TF repertoires in three major eukaryotic kingdoms: Viridiplantae (plants), Fungi, and Metazoa (animals), plus all eukaryotes combined
| Viridiplantae | Fungi | Metazoa | Eukaryota | |
|---|---|---|---|---|
| Proteins | ||||
| Proteins per species | 27 235 | 9997 | 16 371 | 14 141 |
| Length of all proteins (residues) | 387 | 466 | 479 | 465 |
| Domains assigned per protein | 1.48 | 1.47 | 2.00 | 1.53 |
| Distinct domain families per protein | 1.24 | 1.29 | 1.37 | 1.29 |
| Length of protein domains (residues) | 158 | 185 | 150 | 161 |
| TFs | ||||
| TFs per species | 591 | 203 | 806 | 325 |
| Distinct architectures per species | 77 | 38 | 160.5 | 45 |
| Length of TFs (residues) | 375 | 604 | 545 | 560 |
| DBDs per TF | 1.13 | 1.36 | 2.75 | 1.41 |
| Distinct DBD families per TF | 1.01 | 1.00 | 1.03 | 1.01 |
| Length of DBDs (residues) | 73 | 65 | 56 | 64 |
| Partner domains per TF | 0.23 | 0.14 | 0.40 | 0.24 |
| Distinct partner domain families per TF | 0.20 | 0.13 | 0.35 | 0.21 |
| Length of partner domains (residues) | 90 | 83 | 85 | 85 |
| TF content in genome (%) | 2.12 | 2.53 | 4.65 | 2.91 |
| DBDs | ||||
| DBD families | 38 | 34 | 58 | 78 |
| Kingdom specific DBD families | 12 | 6 | 26 | |
| DBDs per species | 602 | 152 | 2151 | 206 |
| Distinct DBD families per species | 37 | 25 | 53 | 27 |
The domain assignments are Pfam families. Median values of all species in each lineage are displayed.
Figure 2.(A) TF abundance against number of genes per genome in different lineages across the tree of life. Each colored dot represents a genome. Different colors are used to highlight genomes from different phylogenetic groups. According to the linear model fit on a log–log scale, TF expansion in bacteria strictly follows a power law increase, with an exponent close to quadratic (logT = 1.98logG – 4.84 with R2 = 0.87 where T is number of predicted TFs, G is number of genes and R2 is coefficient of determination). The TF increase in eukaryotes has a lower exponent as well as degree of correlation (logT = 1.23logG – 2.53 with R2 = 0.61). (B) The number of unique DBD families increases linearly with the total number of proteins in bacteria (power law exponent = 1.00, R2 = 0.71). In contrast, the number of families is independent of the number of genes in metazoans (pink, exponent = 0.09, R2 = 0.11) and fungi (orange, exponent = 0.13, R2 = 0.23). Grey dots in the figures represent other eukaryotic species that do not belong to the main kingdoms such as apicomplexan and euglenozoa.

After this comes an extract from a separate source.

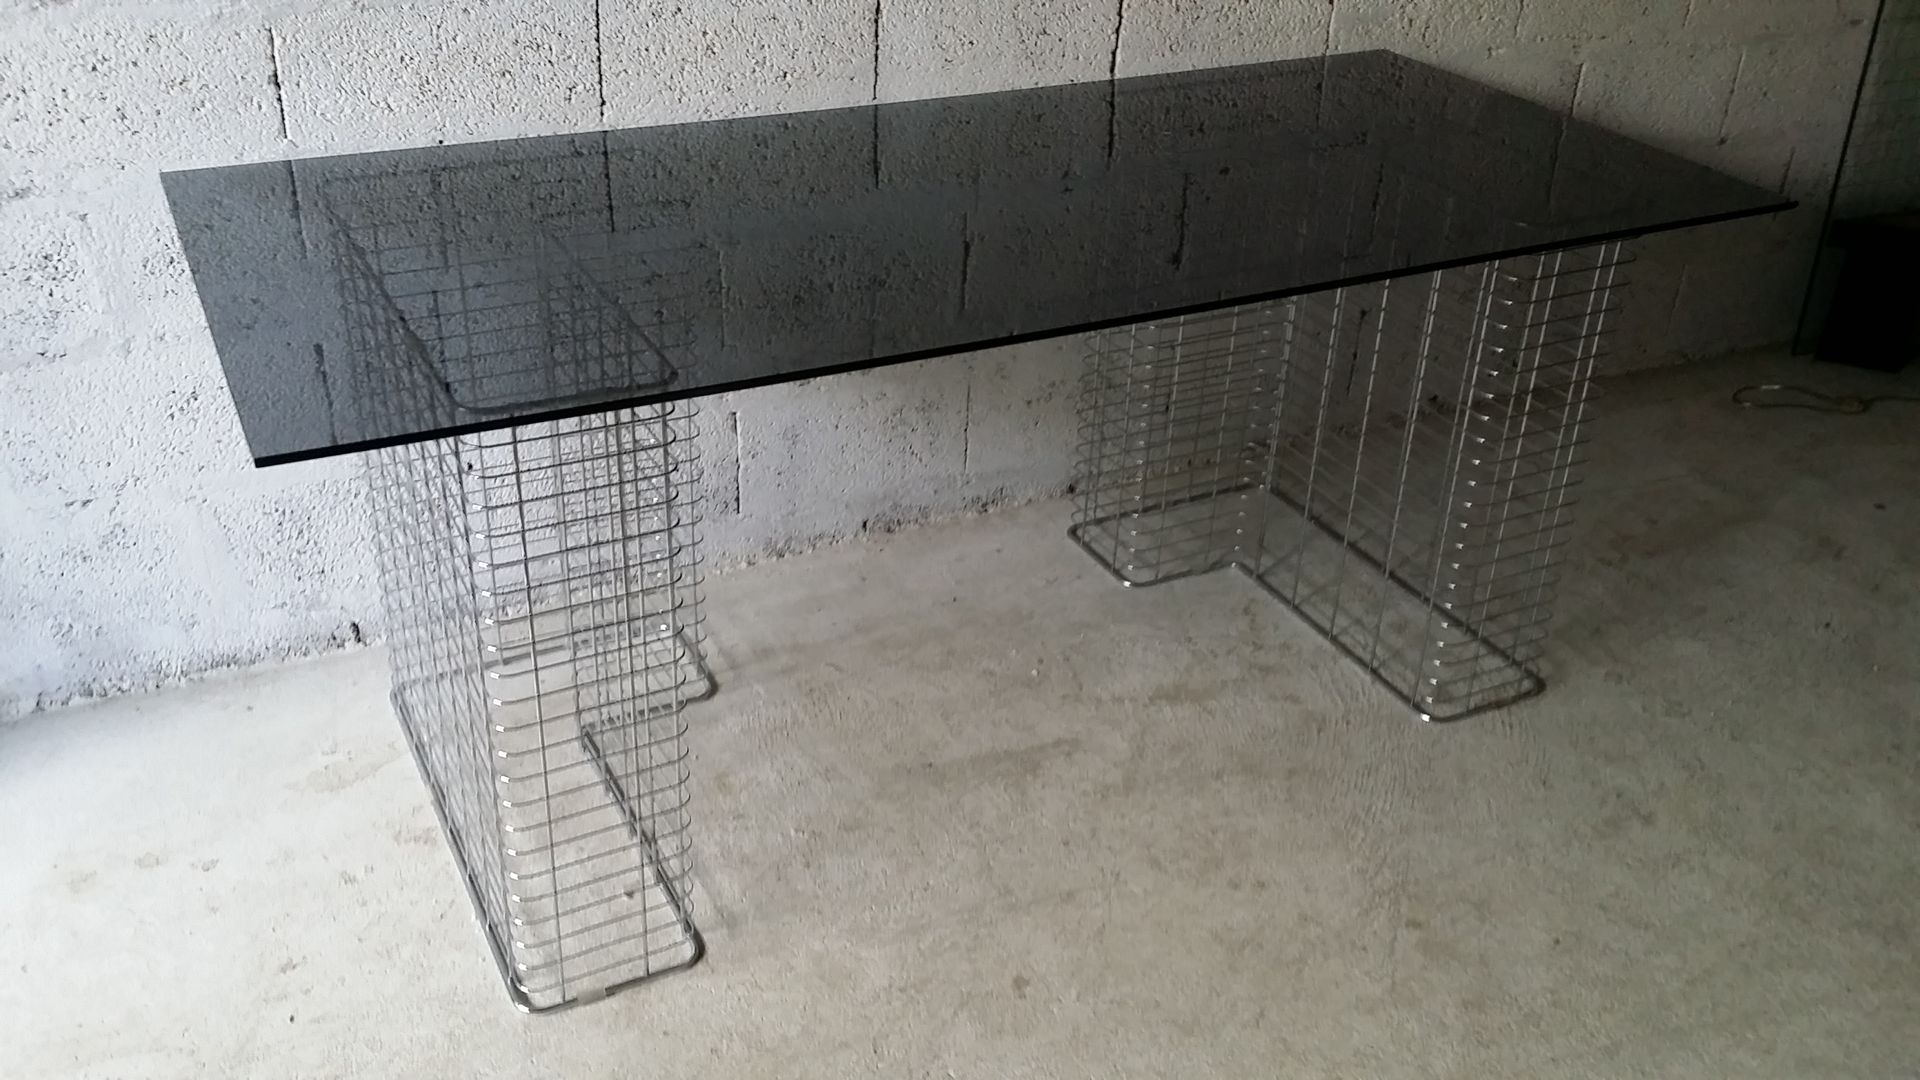 Magasin Habitat Et Jardin Meilleur De Galerie Chaise De Bureau Habitat Centralillaw

Figure 3.Examples of lineage-specific DBDs and domain architectures of TFs across the tree of life. Commonly found DBDs and TF architectures in different taxonomic species are projected onto the simplified NCBI taxonomic tree. DBDs and their architectures in TFs at different taxonomic nodes are unique to their descendent branches. DBDs are represented by red oblongs, and other protein domains occurring within the same TFs (partner domains) are represented by colored rectangles.